Si è creato un enorme scandalo tra alunni e professori del liceo classico, che si chiedono e indagano su chi abbia scritto questo biglietto che nel giro di pochissime ore ha già fatto il giro dei social…”
E se tu, studente, dovessi leggere questo spezzone di un articolo di giornale sui social, come ci rimarresti? Quale sarebbe il tuo primo pensiero? Condivideresti o preferiresti preservare la privacy della persona in questione?

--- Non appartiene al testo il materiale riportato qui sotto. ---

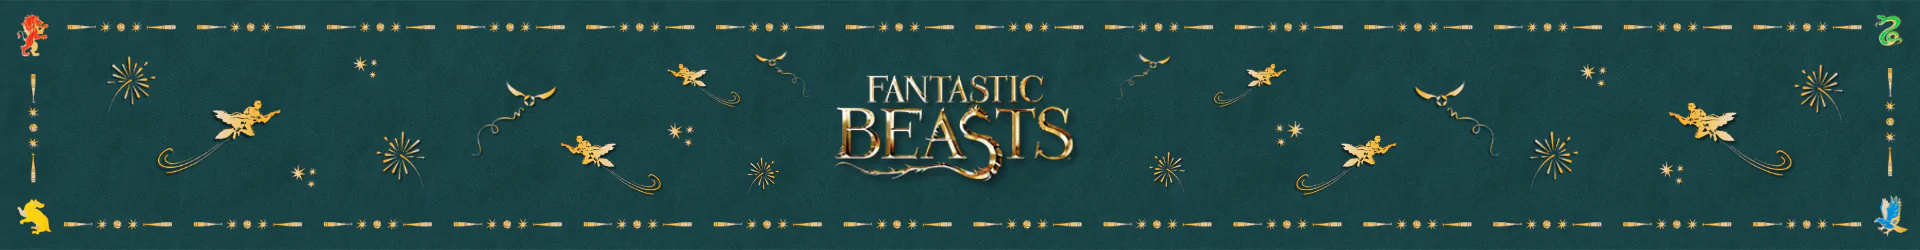 Fantastic Beasts and Where to Find Them coin banks banner
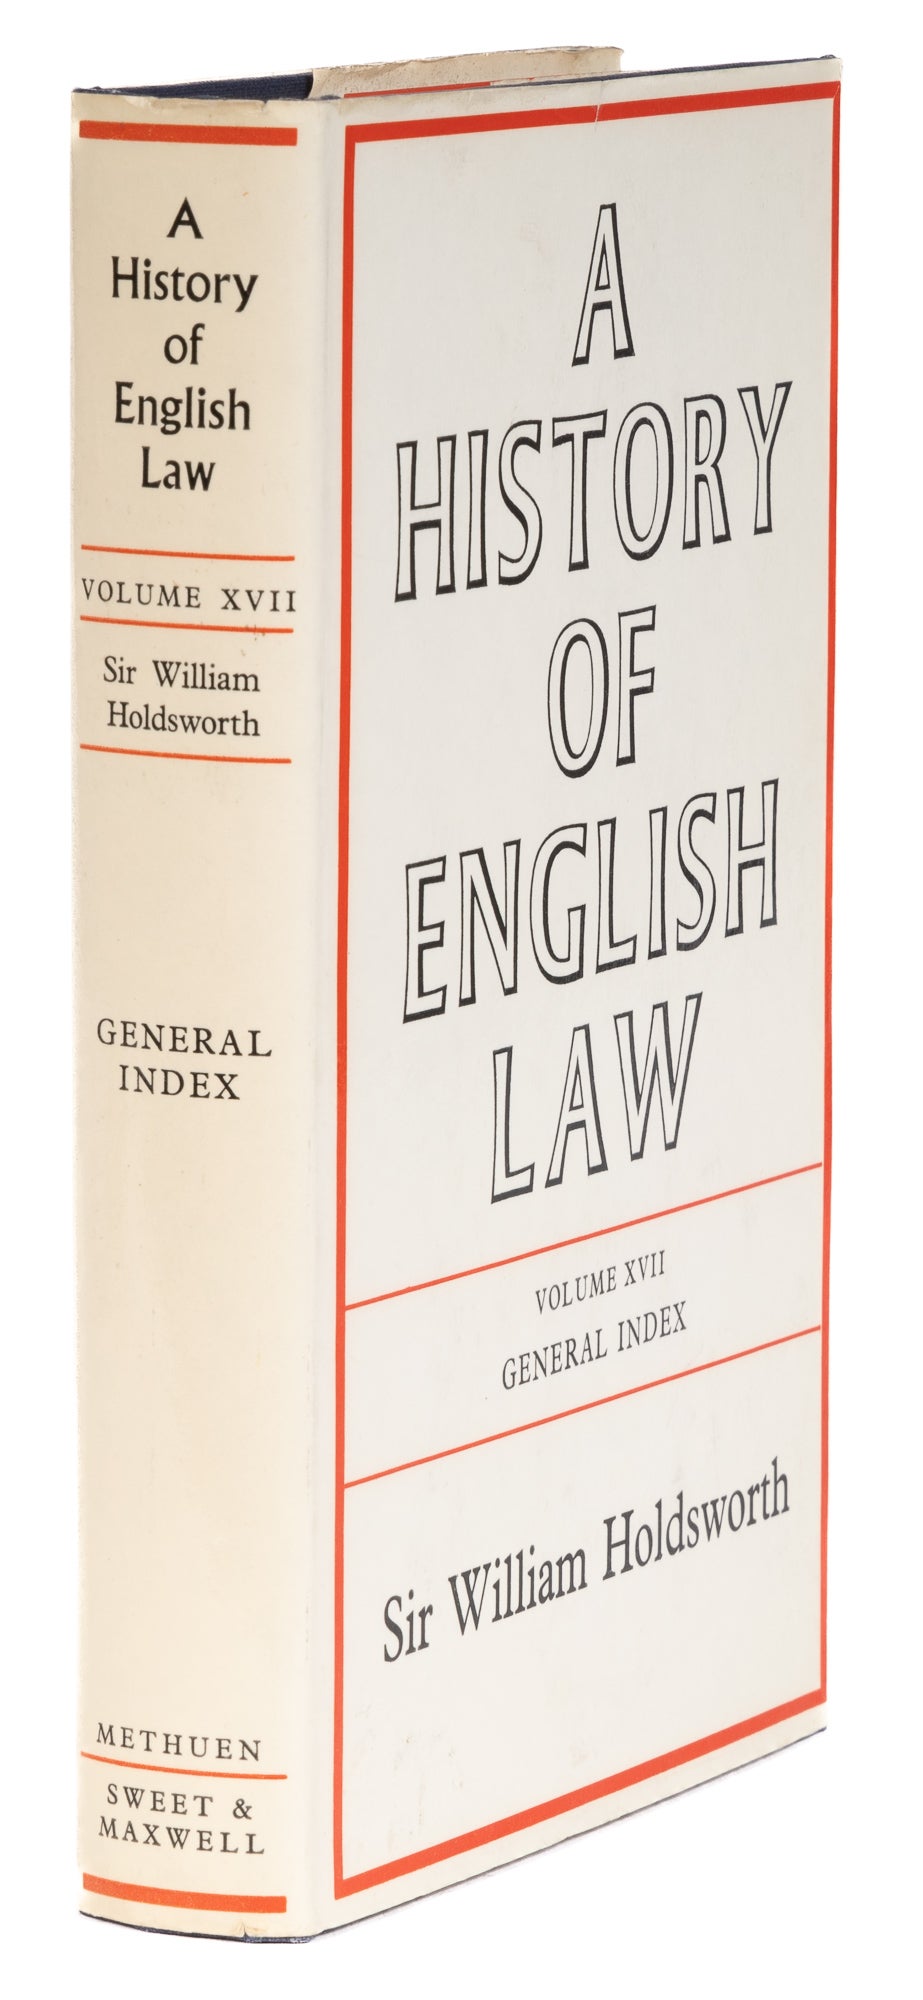 A History of English Law, Vol XVII, General Index, with dust jacket by Sir  William Holdsworth, John Burke, Compiler on The Lawbook Exchange, Ltd

Federico Gastaldi, supplente di storia e filosofia, un uomo buono, ha trent’anni e convive con sua moglie Vittoria in un appartamento poco distante dalla scuola. Vittoria è fissata con la dieta, la palestra e il lavoro. La mattina dell’8 maggio, appena 10 minuti dal suono della seconda ora, Federico viene chiamato da Mariano, il bidello della scuola, che lo avvisa del fatto che ha chiamato l’ospedale chiedendo di lui poiché la moglie è svenuta al lavoro.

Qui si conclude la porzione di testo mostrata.